Louis Rossmann made a video on it, and something that came to mind while I was watching it was that while regulation can in fact be abused, I think some regulation has to be in place because a company that can charge whatever it wants for a car doing this just for the sake of control is awful. Do we really own the things we buy, or do the corporations?
I know in the EU, they have a lot more laws/regulations about warranties and other R2R shit, I just want to be able to fix the shit I own by myself without the company hindering me from doing so because they want to treat me like a leasee while charging me purchase prices.
Edit: Starting in South Korea, but very concerned that it could be brought here considering horse armor started the gaming industry’s bullshit.
Want your turbos on your turbo engine to work? Well we're going to have to charge you a monthly subscription plus the carbon tax for that.
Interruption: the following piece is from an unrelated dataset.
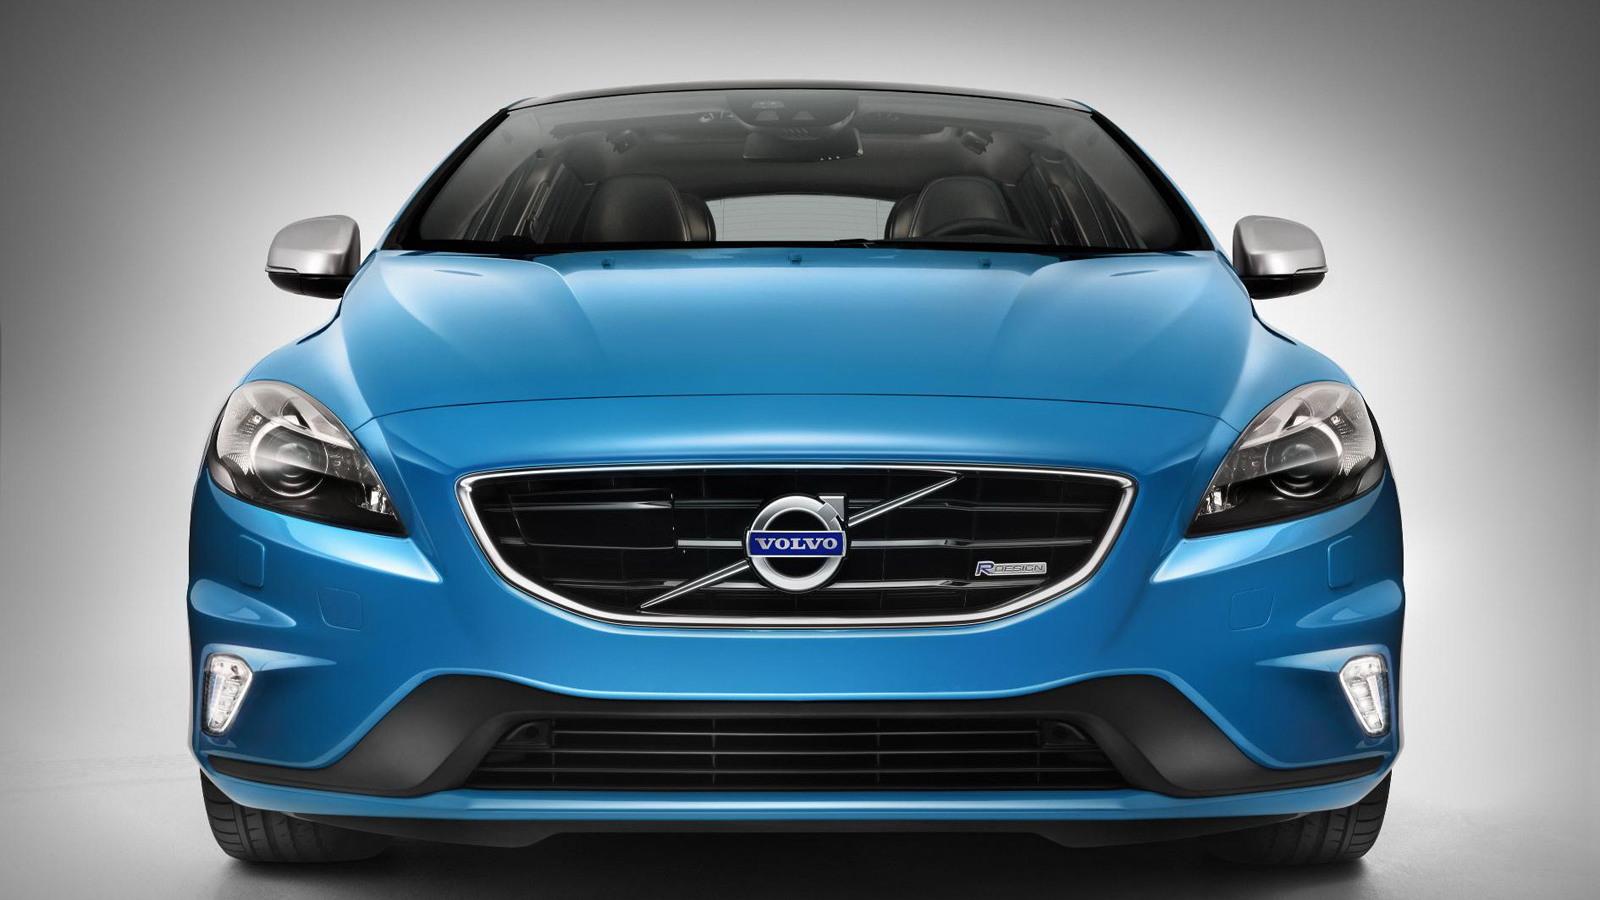 2013 Volvo V40 R-Design

I just bought an Outback and, for some reason, the sunroof option was inseparable from their network service. It's a mystery to me how the two are related.
But good god did going through all of the options raise my blood pressure. I hate the car industry, and I hate that the PC industry is going the exact same direction with overpriced unmodifiable gear. Piece of molded rubberized plastic? $100. Another piece of molded plastic? $250. Set of black lug nuts instead of stainless steel? $300. Fuck you.
Honda only adds intermittent windshield wipers to their mid and upper trims. A basic feature with most other manufacturers. Honda wants you to pay $2000 more to get that $20 switch.
They're probably part of the same module, so it's cheaper for them to just disable or remove(or not install) the entire module. A lot of the computer modules in cars cover multiple things, regardless of whether their paid for or not. It's just how mass production works.